The KBS State Executive Committee consist of (i) a State President (ii) 15 members out of which the President shall nominate (a) a General Secretary, (b) two Joint Secretaries, and (c) a Treasurer, (iii) 3 Vice Presidents elected one each by the Zonal Committees (iv) 3 Joint Secretaries elected one each by the three Zonal Committees, (v) President and Secretary of all districts committees, and (vi) Immediate Past President and General Secretary will be Ex-Officio members. The term of office-bearers and EC Members is two-years.

KBS also has a women's wing and a youth wing.

=== KBS Vanitha Vibhagom ===
The Kerala Brahmana Sabha Vanitha Vibhagom (KBSVV) was formally established in 1990 through a two-page guideline adopted by the Kerala Brahmana Sabha. It started functioning from the same year. During 2006-07 its activities were further streamlined. KBSVV is actively involved in organising the Tamil Brahmin women in Kerala through its various events and programmes. The Vanitha Vibhagom takes active interest in providing skill building programmes for the Tamil Brahmin women so that they can become self-reliant. It also works closely with KBS and Yuvajana Vibhagom in all programmes and events.

The organization structure of KBS Vanitha Vibhagom is similar to the KBS with General Body and Executive Committees at Upasabha, District and State level. The term of office-bearers and EC Members is two-years.
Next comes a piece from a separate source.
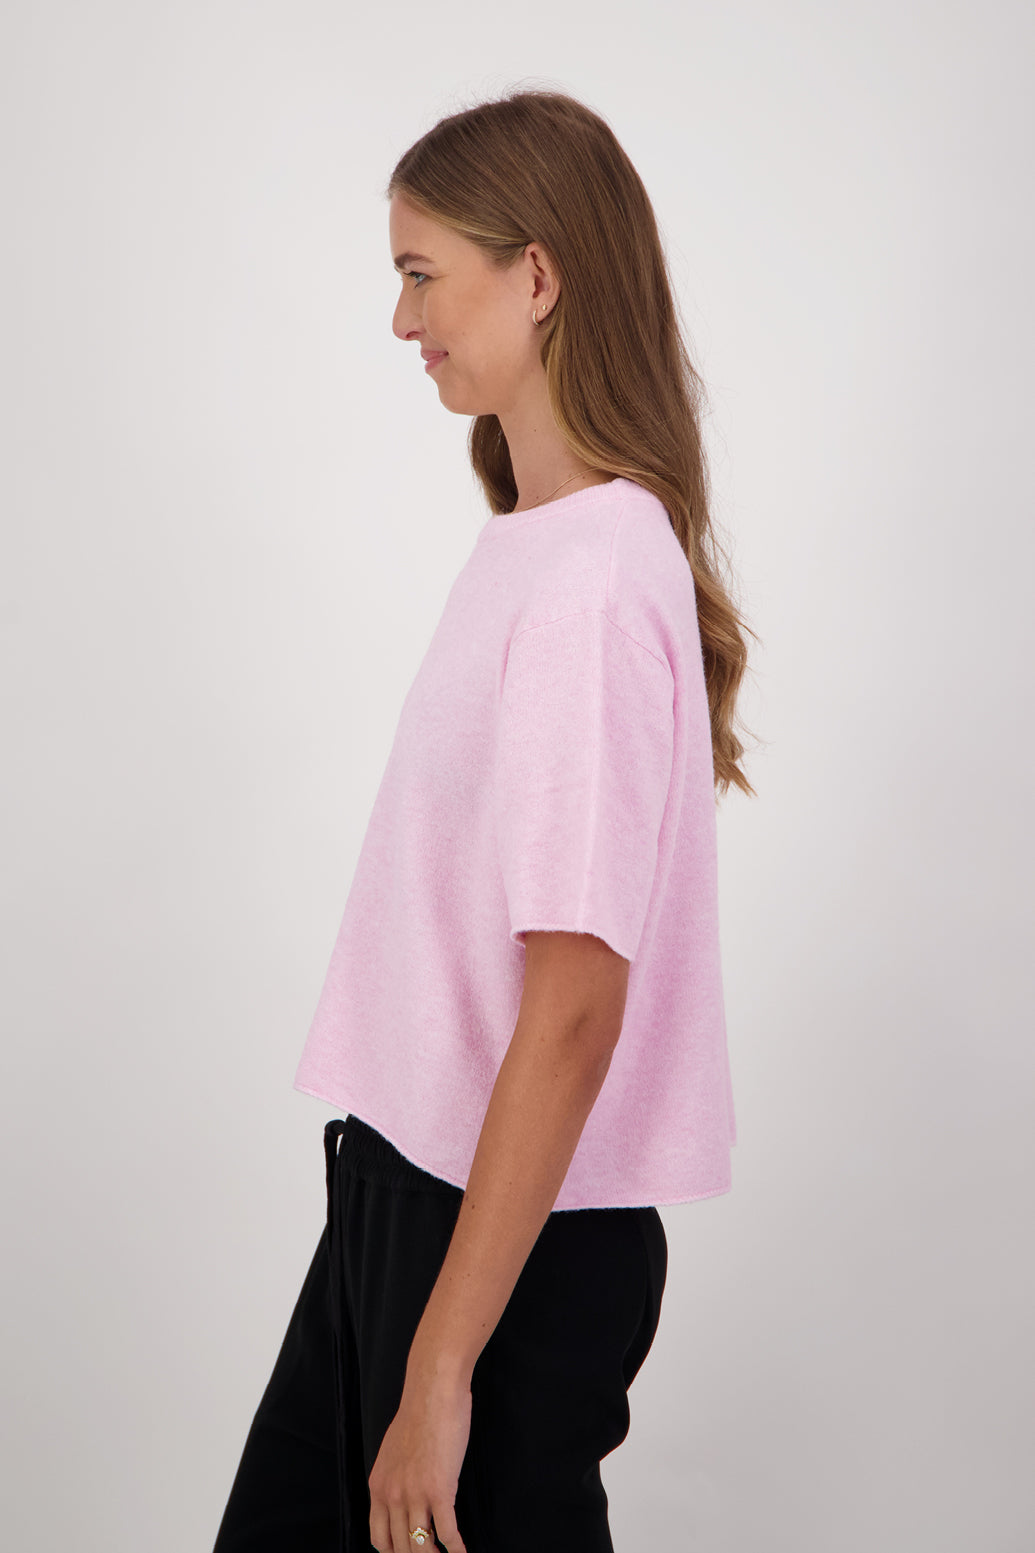 Dapper Wool Blend Short Sleeve Top/T-Shirt - Pale Pink

=== KBS Yuvajana Vibhagom ===
The Kerala Brahmana Sabha Yuvajana Vibagam (Yuva) was formally established in 2010. It acts as a platform of the Tamil Brahmin youth in Kerala to come together and work for the development of the community. Its objective is to provide all facilities to the Tamil Brahmin youth to improve their skills and faculties to become model citizens. Its conducts different programmes aimed at skill development and educational improvement of the community especially the Tamil Brahmin youth. It also acts as a grooming place for the youth to sharpen their leadership skills and organisational abilities.

The organization structure of KBS Yuvajana Vibagom is similar to the KBS with General Body and Executive Committees at Upasabha, District and State level. The term of office-bearers and EC Members is two-years.

== Affiliation ==
The KBS is affiliated to the All Kerala Brahmin Federation, which is affiliated to the All India Brahmin Federation.

== Activities ==
KBS is actively involved in organizing the annual Kalpathi Ratholsavam in Palakkad. It also organizes trade fairs and food festivals to popularise the Kerala Iyer cuisine among the general public. It organizes seminars on social issues, and sports and games events for its members.
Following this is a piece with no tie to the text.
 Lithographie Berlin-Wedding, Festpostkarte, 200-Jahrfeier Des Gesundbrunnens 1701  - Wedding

The KBS runs institutions for the poor among the community. Its Sankara Santhi Nilayam at Kalady provides accommodation, food, and medical care, for aged and destitute Kerala Iyers. The Sabha also provides housing and financial help for the maintenance and renovation of agrahara, especially the dilapidated dwelling places of the poor.

In 2014, the KBS courted controversy when it opposed faith conversions and re-conversions, and announced that it would not welcome reconverts to its fold.

In 2015, during protests over reservation in India, KBS demanded minority status and reservation for economically backward Kerala Iyers.

In 2016, the KBS favoured continuance of the dress code for women entering the Sree Padmanabhaswamy Temple in Thiruvananthapuram. It opposed allowing women wearing salwar kameez or churidar, and without draping dhoti, to enter the temple.

In 2017, the KBS favoured the continuance of the custom prohibiting women between 10 and 50 years of age from entering the Sabarimala Temple. The KBS also demanded that the Government of India should seriously consider providing reservation based on economic status of its citizens and the political parties cannot avoid the long-standing demands of Brahmin community that composes of 6% of the population.